The most robust solution is to ensure a load from a persistent memory location only sees data that is persistent. This is likely to involve a change to the cache coherency algorithms to pause the load until the memory controller has made the data persistent. This will make persistent memory work the way most people would assume it works.
There is a software only solution for the circular buffer problem. There would be an IN pointer in DRAM and an IN pointer in persistent memory. Similarly there would be a DRAM and persistent OUT pointers. Adding or removing a record from the queue would first update the persistent pointer and ensure it is persistent. Then the DRAM pointer would be updated to reflect the persistent pointer. Only the DRAM pointers would be read for finding space or records in the queue. At reboot, the DRAM pointers would be reinitialized from the persistent pointers.

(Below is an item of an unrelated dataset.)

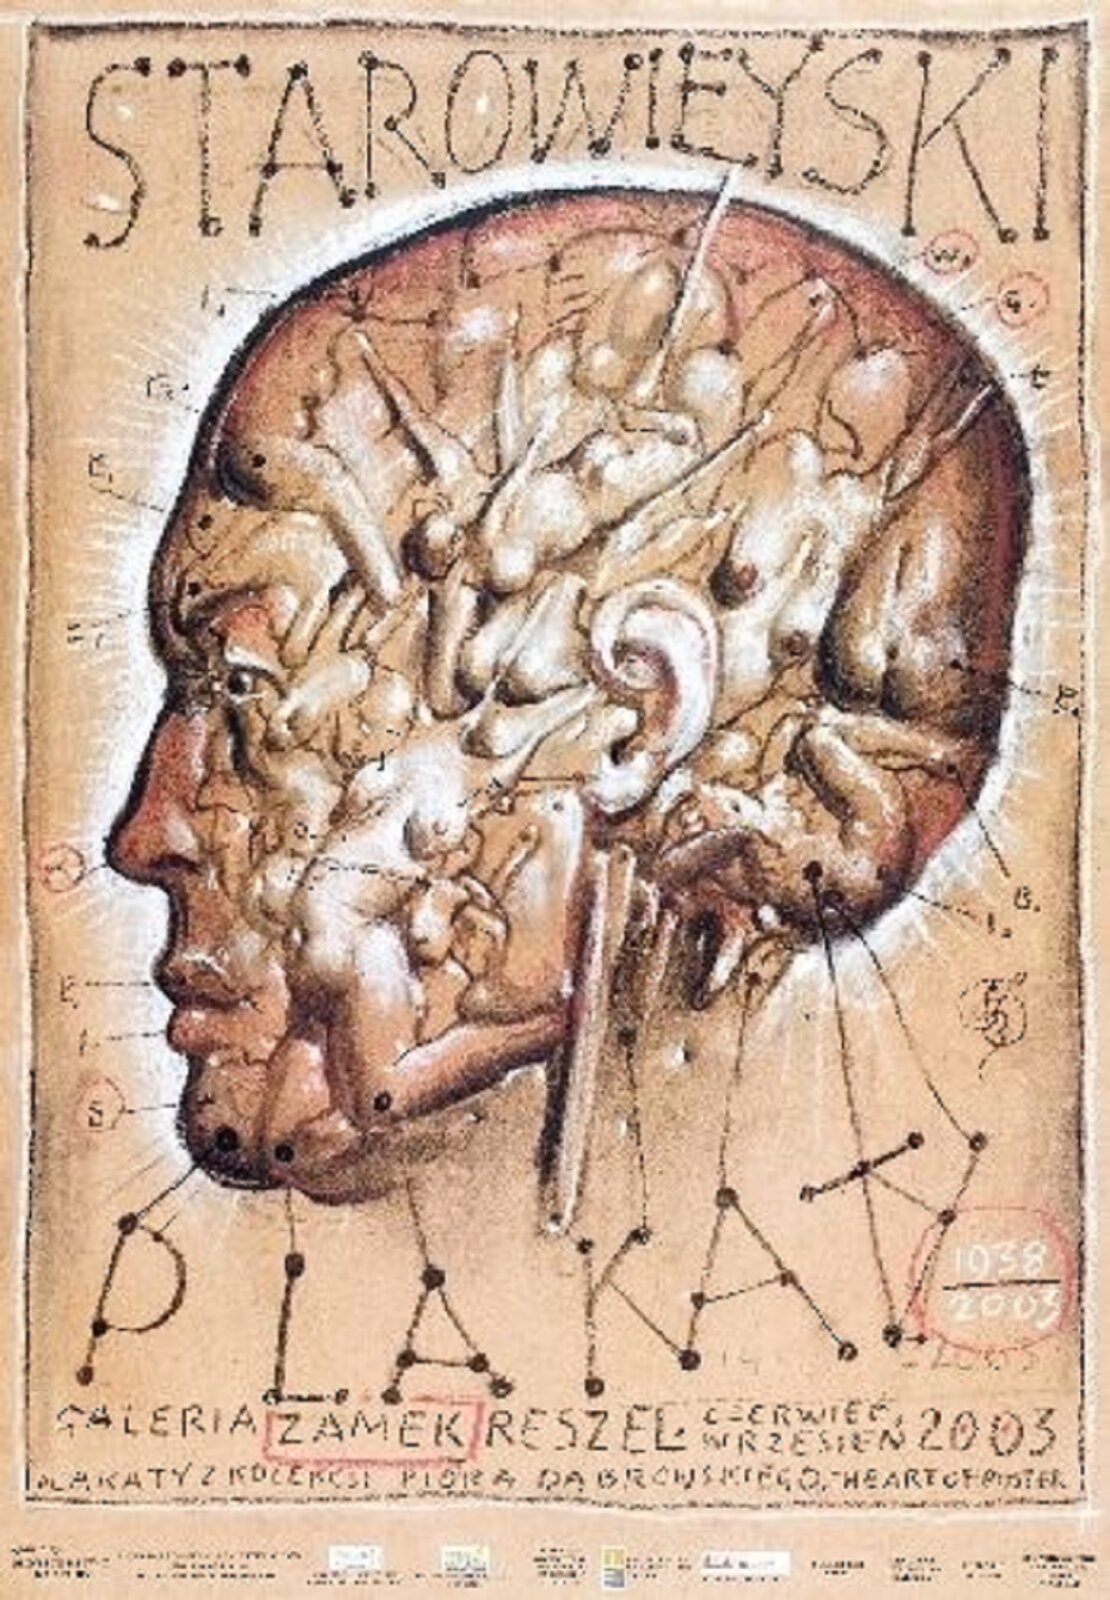 Ilustracja przedstawia plakat „Starowieyski - Galeria Refektarz Kartuzy”, autorstwa Franciszeka Starowieyskiego. Na jasno-beżowym tle znajduje się rysunek ludzkiej głowy z zaznaczonymi na niej punktami, od których biegną linie w kierunku małych literek. W kształt głowy wpisane zostały sylwetki nagich kobiecych torsów. Na górze grafiki umieszczono duży napis „STAROWIEJSKI”. Poniżej głowy znajduje się napis „PLAKATY” oraz opis wydarzenia wykonane brązową czcionką.

An alternative solution is to flush the current value of the IN or OUT pointer to NVM after loading it into a local variable. This ensures the value in the local variable is either the current persistent value or a value that is a previous version of the persistent version. Flushing to NVM before loading could see a new value that never gets persisted.
I expect there is a software solution to the problem for every data structure. However there are several issues with leaving this up to software.
- Many developers would not realize there was a problem
- Every data structure is likely to have a different solution even though the basic concept of a DRAM and persistent copy of all metadata will work in many cases.
- The problem is likely to be so infrequent that it would not be found even in stress testing.
- If a problem occurred in stress testing or at a customer site it would be exceedingly difficult to diagnose.
- If the developer did consider the issue and coded for it, there does not seem to be any wayto force the race condition to test the code. As a wise man once said, “If it is not tested, it is broken.”
The observability problem with persistent memory can cause real world corruption of persistent data. The corruptions are so rare that they are unlikely to be diagnosed. The best solution is to design processors so that a load from a persistent memory location will only see data that is persistent.